Other than that it's probably just gonna be my usual GS deer and elk archery tags. I have one preference point for dedicated hunter and I may decide to go that route, but maybe not. I'm really looking forward to the later archery elk season dates next year. Should be a good year for the guys drawing LE archery elk tags. 

If I don't draw the Utah bear tag, I may buy an OTC Idaho spring bear tag. I reeeaaaally wanna hunt bear next year, but I should have points to spare for my Utah bear tag. 

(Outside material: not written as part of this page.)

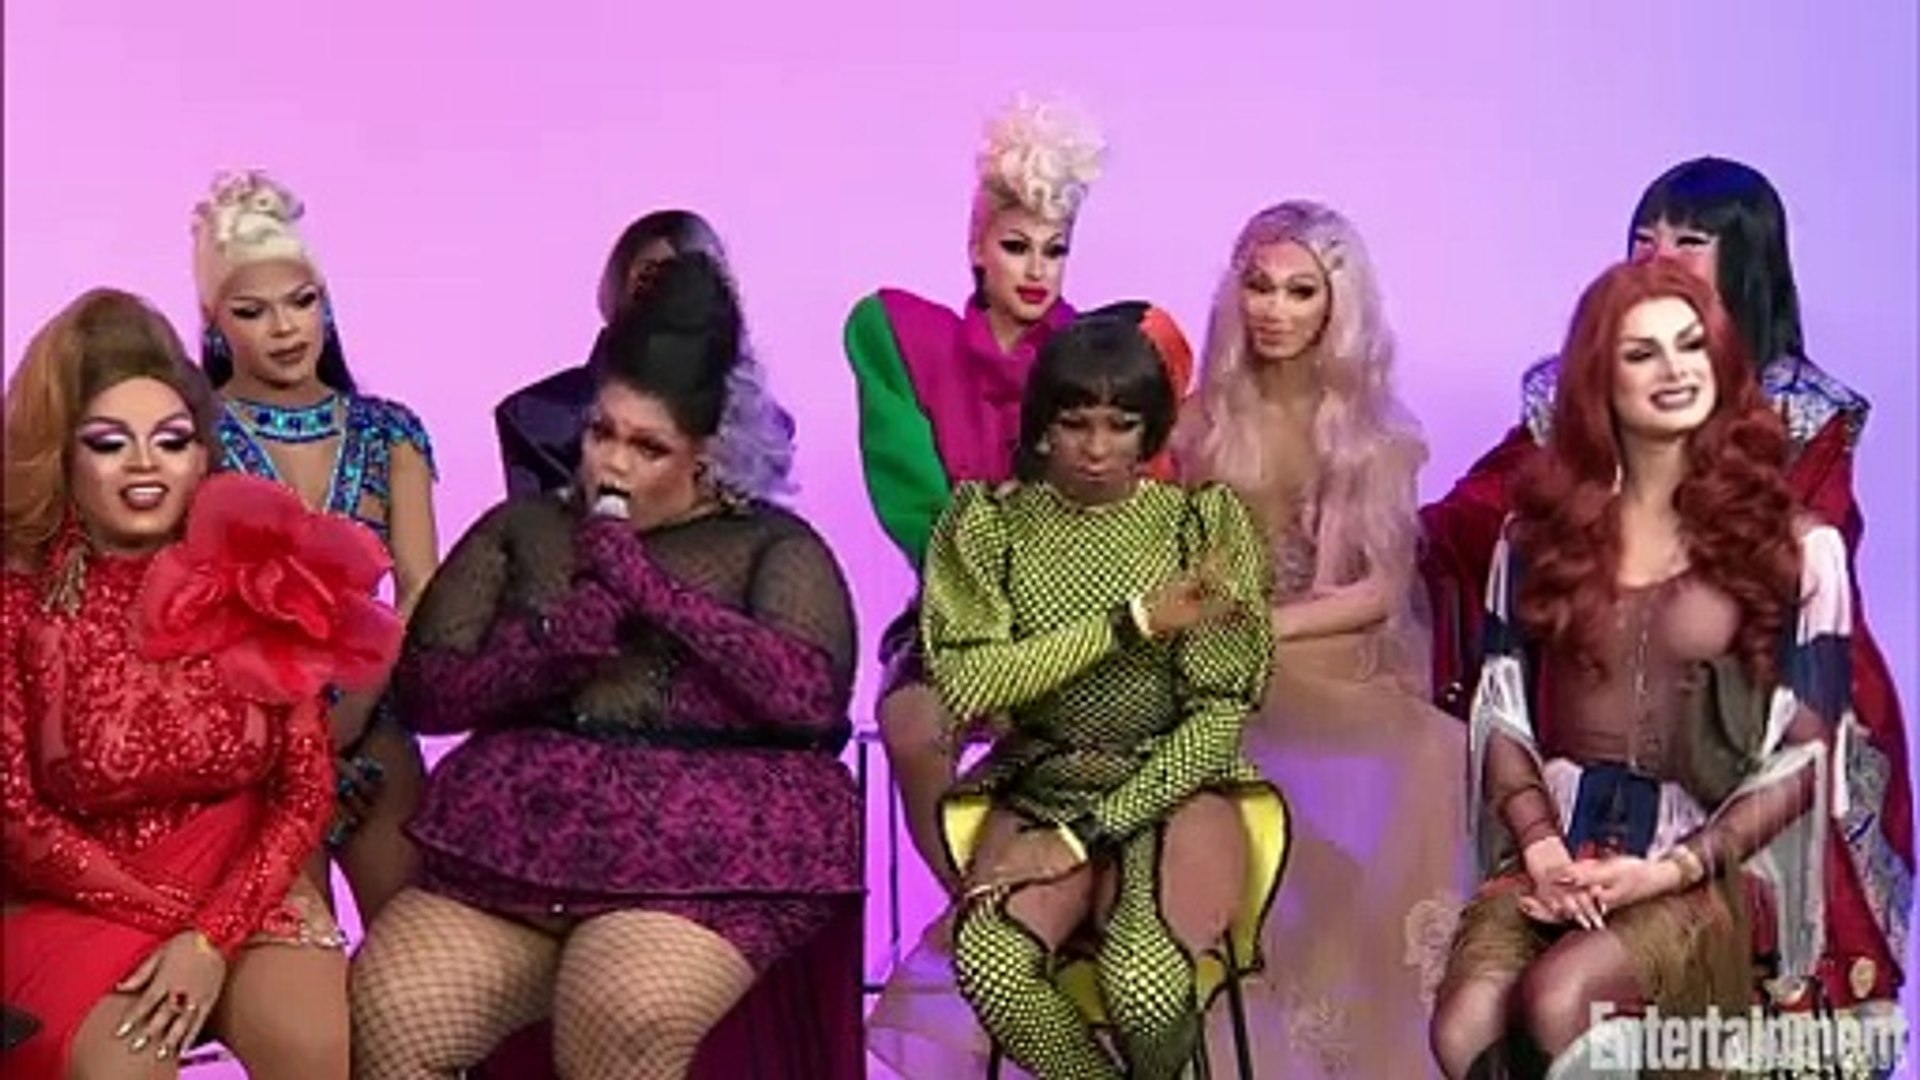 'RuPaul's Drag Race' Season 11 Cast Talk Representation On Upcoming Season | Entertai
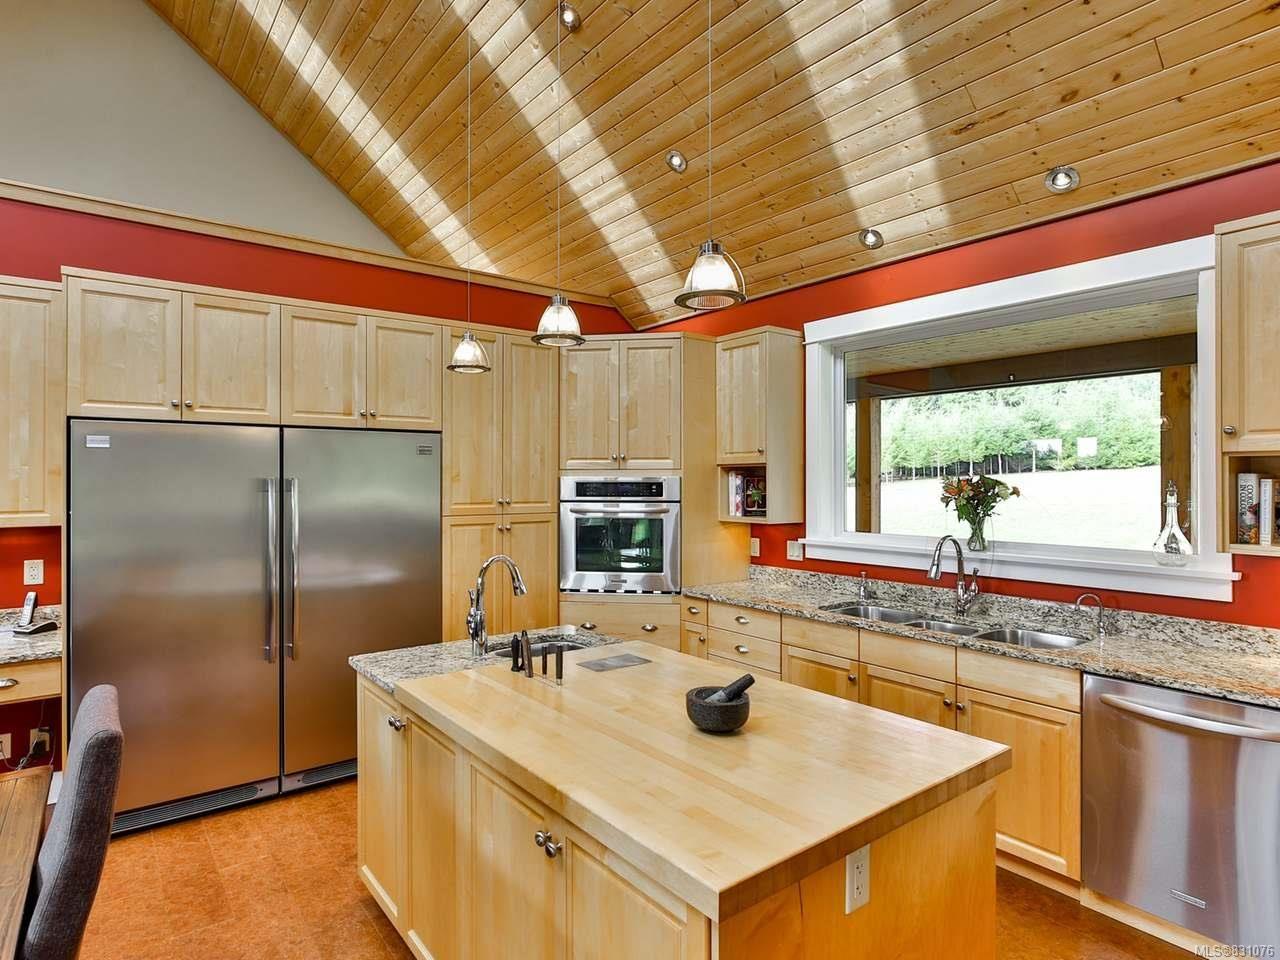 Photo 13: Photos: 6159 Strathcona St in PORT ALBERNI: PA Alberni Valley House for sale (Port Alberni)  : MLS®# 831076

How about the rest of you?


----------



## crimson obsession (Sep 7, 2008)

Winter Cougar - Utah
Spring turkey - Utah
Summer Axis deer - Texas 
General Archery deer/elk - Utah
OTC archery elk - Idaho 
Rifle whitetail - Wyoming

Sent from my iPhone using Tapatalk


----------



## APD (Nov 16, 2008)

Still planning on getting a cow this January 2021. Just need some snow in the uintas. After that I'll put some thought into the coming season.


----------



## 2full (Apr 8, 2010)

I'll be retired in February........

So, I be doing:

Spring turkey
Dedicated hunter (have a lifetime lisc)
3 season elk hunt (if it's available)
Landowner cow tag. 
League golf
Fishing
Spend a couple of weeks in Montana. 

Don't care if I get anything, just want to be out and about.


----------



## MWScott72 (May 23, 2011)

-Spring bear hunt in MT (want to knock that off the bucket list)
-Spring turkey in UT
-doe pronghorn (UT)
-doe pronghorn (WY - I hope!)
-cow elk (UT)
-archery whitetail during rut (OK)
-duck hunting to fill in and expand on the gaps!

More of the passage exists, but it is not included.